---------- Material provided

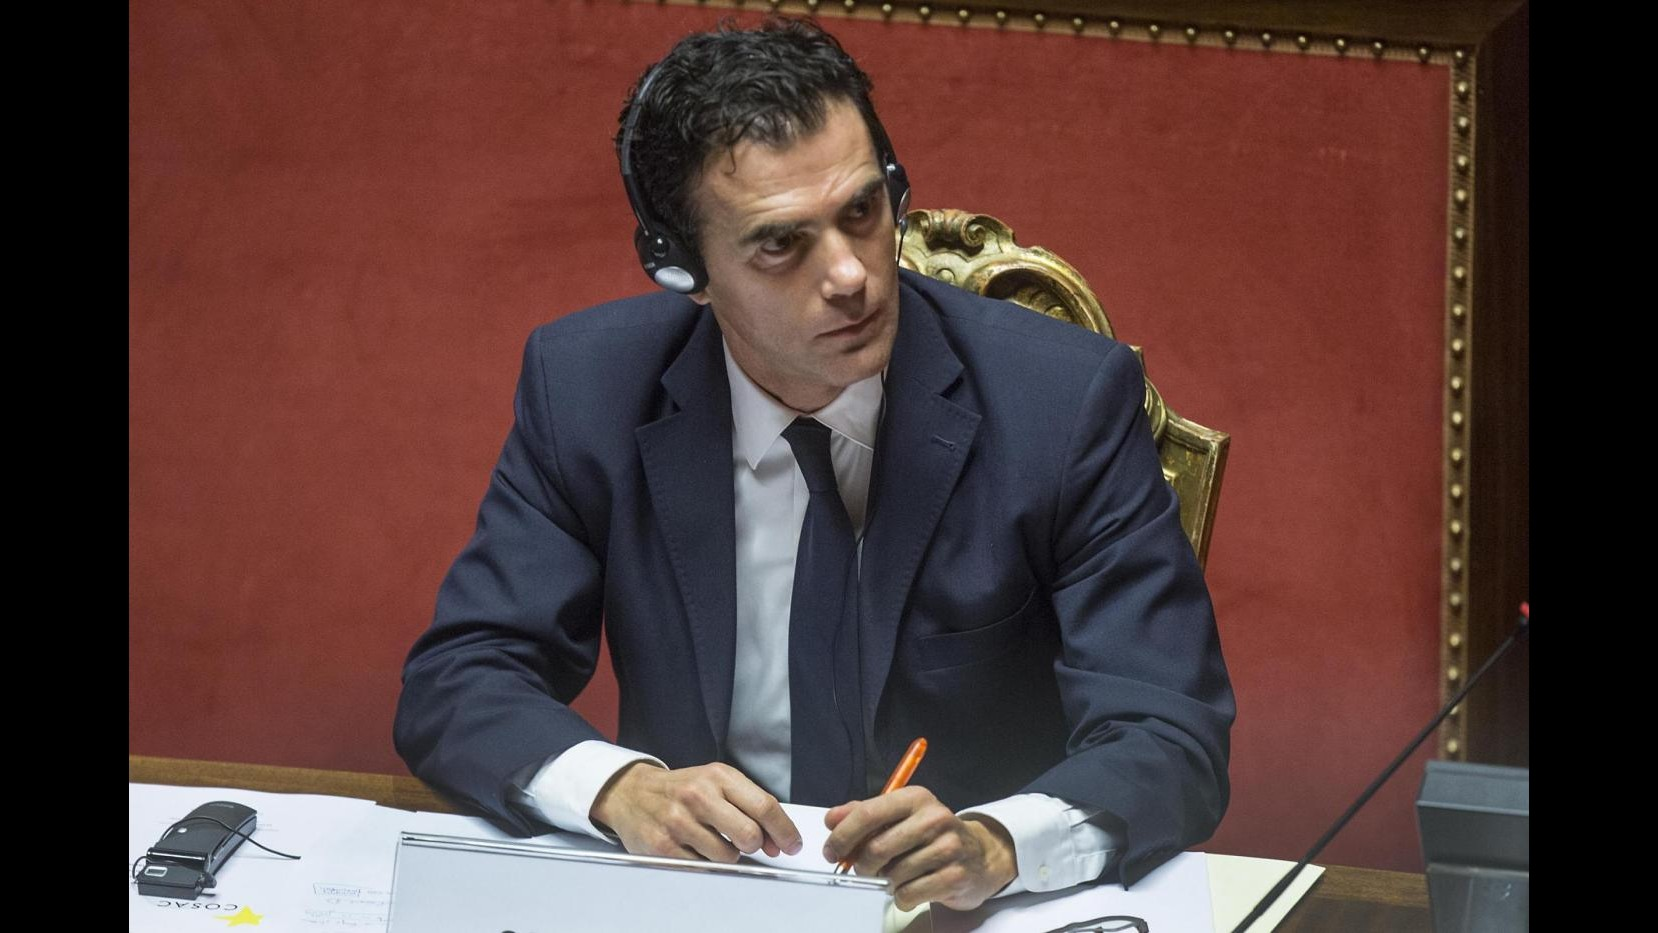 Armeni, sottosegretario Gozi: Inopportuno che governo prenda posizione
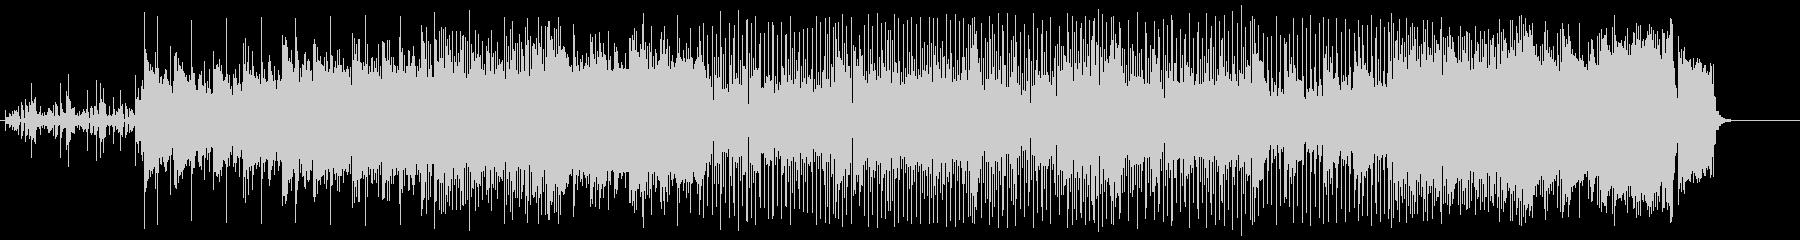 怪しいマイナー・テクノ/ポップの未再生の波形
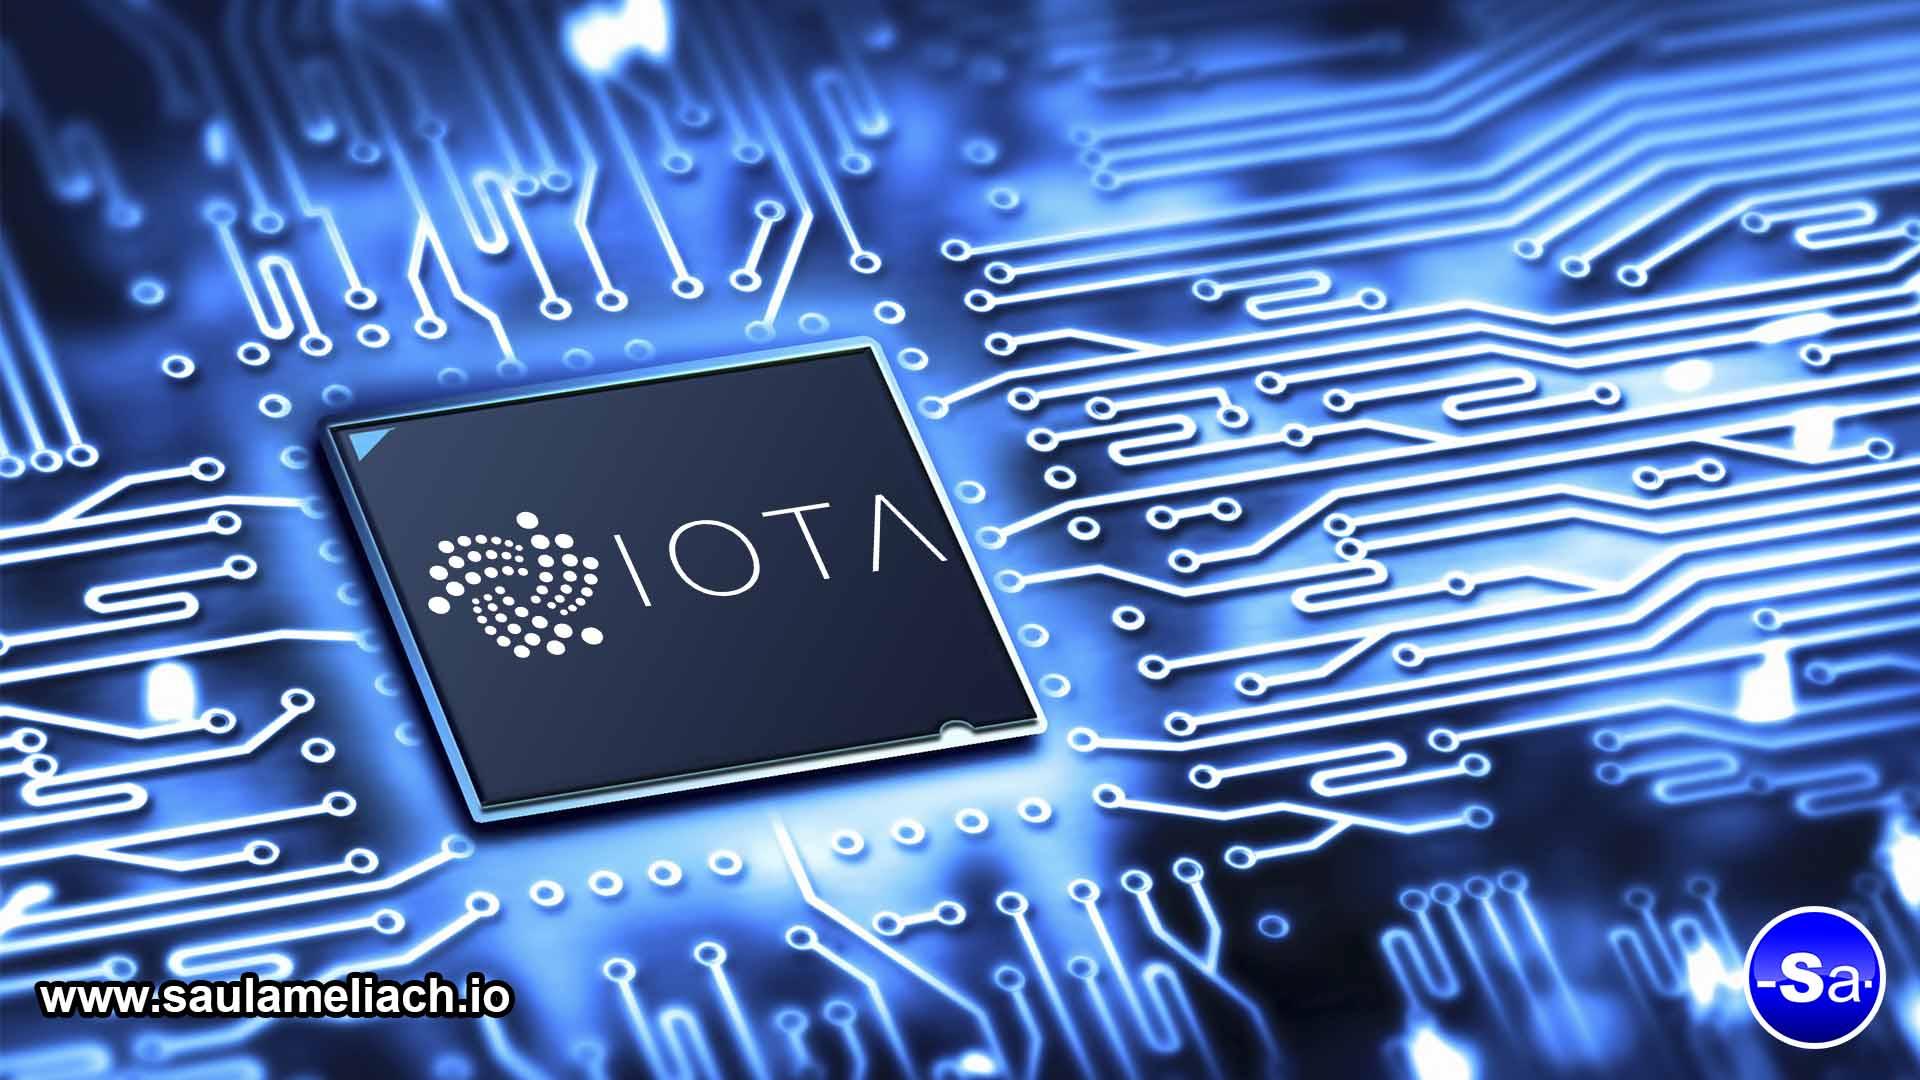 IOTA technology - saul ameliach

--------------------

From the line that contains "怪しいマイナー・テクノ/ポップの未再生の波形" down to the last line of the material above, every line must be repeated exactly, with pictures removed and both end lines included.

 怪しいマイナー・テクノ/ポップの未再生の波形
 IOTA technology - saul ameliach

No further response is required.